Ah, the tireless mom.  You know, the one who does EVERYTHING in the house.  Perhaps, to a degree, I’m being duplicitous (5 bonus pt.’s for me) by saying tireless and mom…aren’t they all?  Don’t they all give their all…all the time?  No, I’m not talking about the ones that they interview on the 11:00 news from that town near you that you’ve never heard of that “just glanced at the t.v.” and didn’t notice her 2 year old had built a bomb and had it in his wagon three blocks away…no, not that mom.  I mean every mom you know.  Mom’s by nature give and don’t receive much, if anything, in return.  Perhaps I’m being sexist, boo hoo if I am.  Yes, we husbands do our fair share as well but it’s an illustration so my stereotype is useful, leave me alone.  If the relationship that the mom has with her children is the only one she has, she is in trouble.  One cannot simply give and never receive.

Yes, that brings us to the third essential component of successful relationships, Mutual Giving.  If you are going to have a successful relationship there has to be mutual giving to meet each others emotional needs.  We cannot simply give or receive.  It has to be both.  If that doesn’t happen, the results are varied, but all bad.  Look back at the 2nd component, open honest and vulnerable communication.  If that is taking place and you are communicating your needs to the other person in your relationship, and they are not giving to meet those needs how long can that last?  I am very sad for those of you who read that and answered however long you’ve been married.  There are many of you.  On the flip side, is the other person in your relationship not having their needs met by you?  That is certainly no better.  Remember, this is the 3rd component.  If you aren’t taking care of the 2nd component this step will be much more difficult if not practically impossible.

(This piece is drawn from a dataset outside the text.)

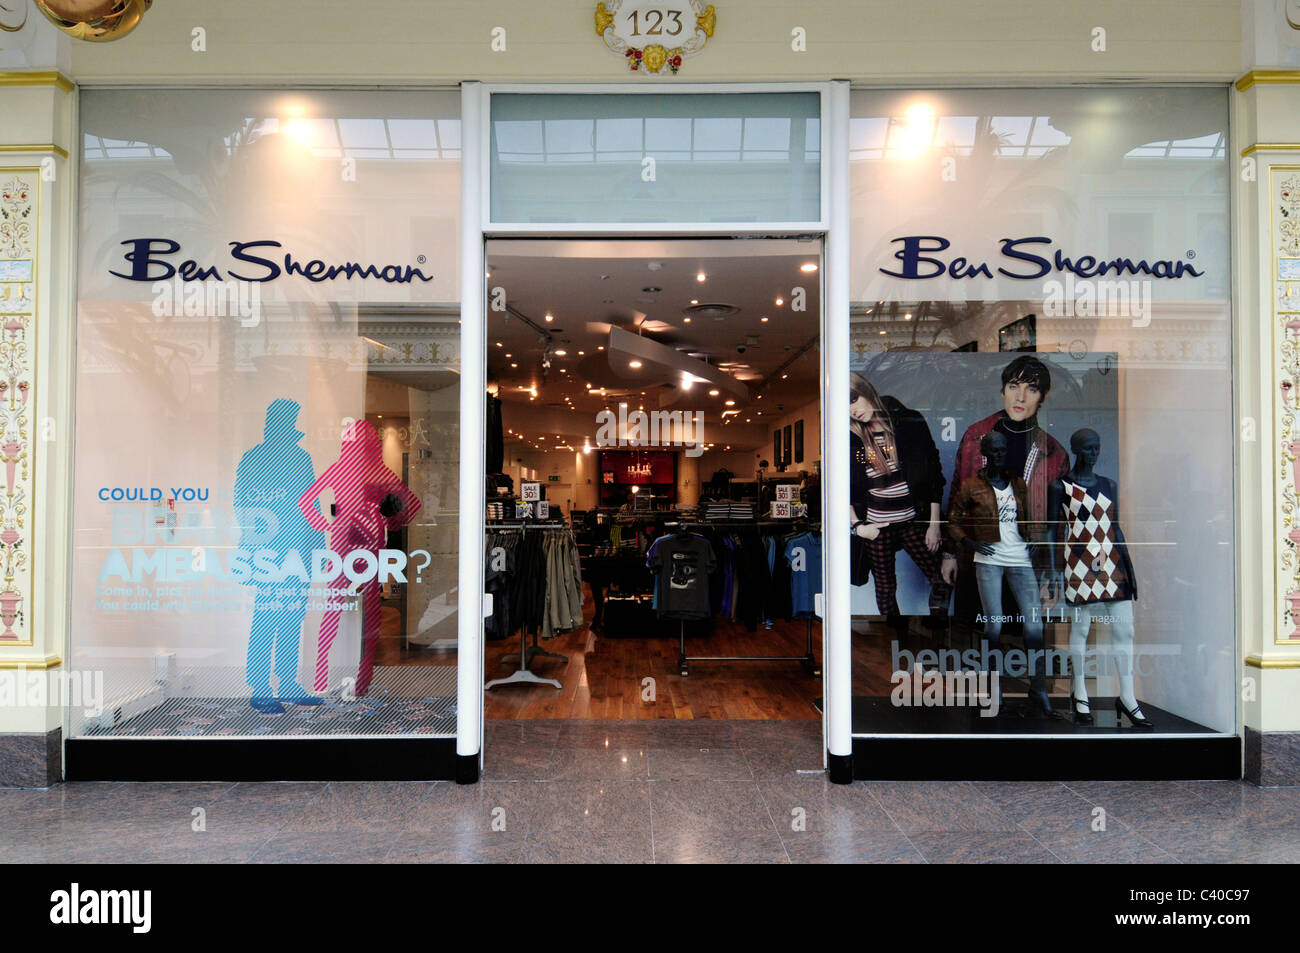 Ben Sherman High Resolution Stock Photography and Images - Alamy
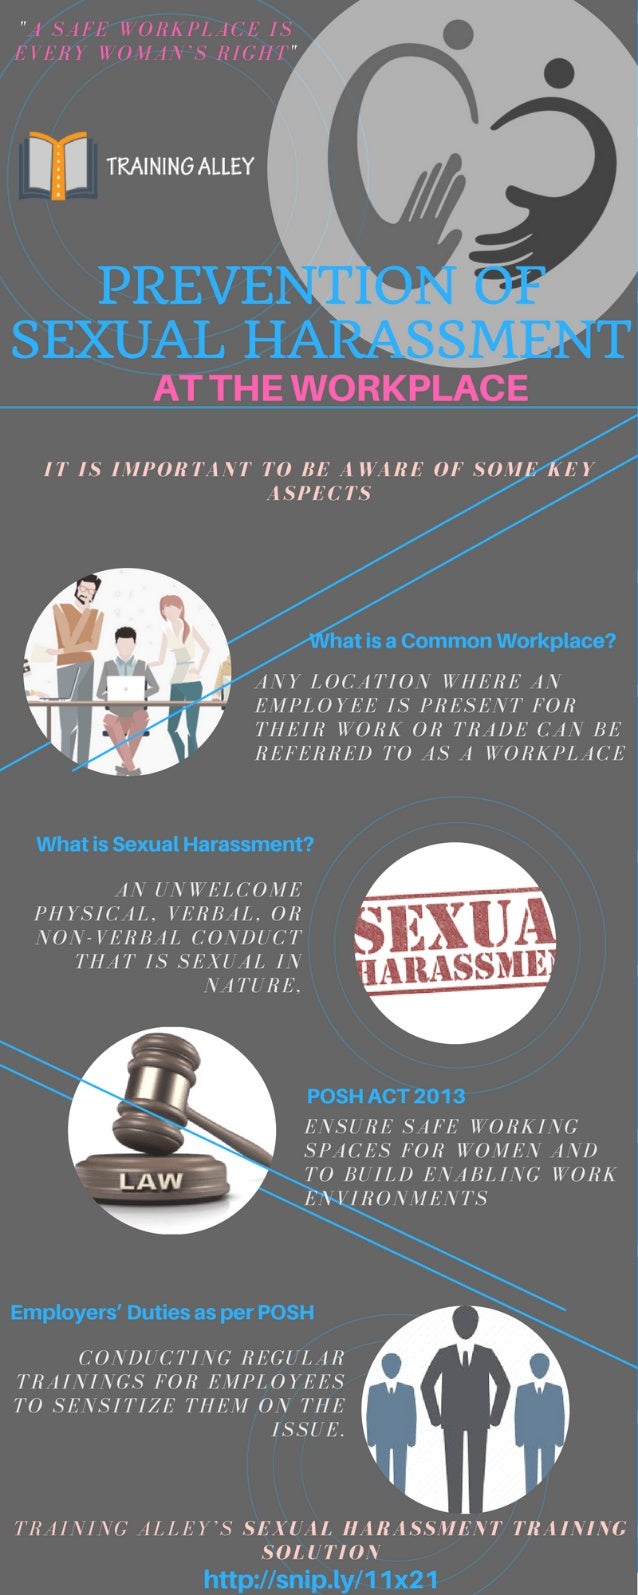 Prevention Of Sexual Harassment Posh At The Workplace

It’s almost formulaic (3 bonus pt.’s) at this point but let’s take a look at what mutual giving isn’t so as to understand what it is.  It is not, quite simply, you attentively listening to their needs, doing your best to meet them, and then rationalizing away things they do and trying to say that “they are doing their best” or “this is how they love me.”  No, if you have to interpret it, it’s not meeting your needs or vice versa.  It is also not “giving in” to the other person in regards to conflict or even your choices of how and where to spend your time together.  Saying, “I don’t care honey, you pick the restaurant” is not mutual giving…it is pacifying if not placating.  Unless, of course, they are feeling a need for respect and have shared as much.  Simply letting the other person get their way doesn’t cut it.  Lastly, it is not relenting to the others constant barrage at taking to meet an emotional need.  If you are constantly all over the other person in your relationship with hugs, kisses, hand holds, and sweet nothings (a desperate plea for affection) and one of those times they “let you” without shrugging you off, it’s not mutual giving.  It doesn’t make you feel loved or enable you to experience true affection…at best it’s a drop in the bucket (minus 2 for a cliche’).

Mutual giving is simply meeting a stated, or known, need out of love.  Given that last example it is the other person coming up to you, looking into your eyes and saying, “I really love you” and hugging you.  They initiate the affection, state it, and follow it with action.  Even as you read that don’t you feel the warmth that giving would bring?  Wouldn’t that meet that need so much more than them not pulling their hand away one time at the mall when you reached for it?  I’m not saying that you wouldn’t take that.  When we are desperate to have a need met we will take anything.  However, nothing other than true mutual giving will meet that need.

When we put this component into our relationship(s), even just a little, a foundation of functionality can begin to exist.  Trust begins to be built and fear starts to fall.  We will be able to love, and feel love more freely.  Will it happen all at once?  No.  Will we still be hurt by others not meeting our needs?  Sure.  Will we still fall short and not meet others needs from time to time?  Absolutely.   Yet, if we mutually give and receive to meet open, honest, and vulnerably communicated needs God will do great things.  If we only give (or only receive) we (or they) will seek to get those needs met elsewhere.  That’s never good.  Bitterness, sadness, aloneness, and a great lack of self worth will follow as well.  Eventually, a numbness will set in that is sad as the one not receiving the love just resigns themselves to a life without having their emotional needs not met.  Don’t be a martyr, you do have these needs, communicate them, explain them, ask them to be met.  Don’t be a stone and have the other person explain their need and you simply nod and do nothing.  Give…receive, love and grow.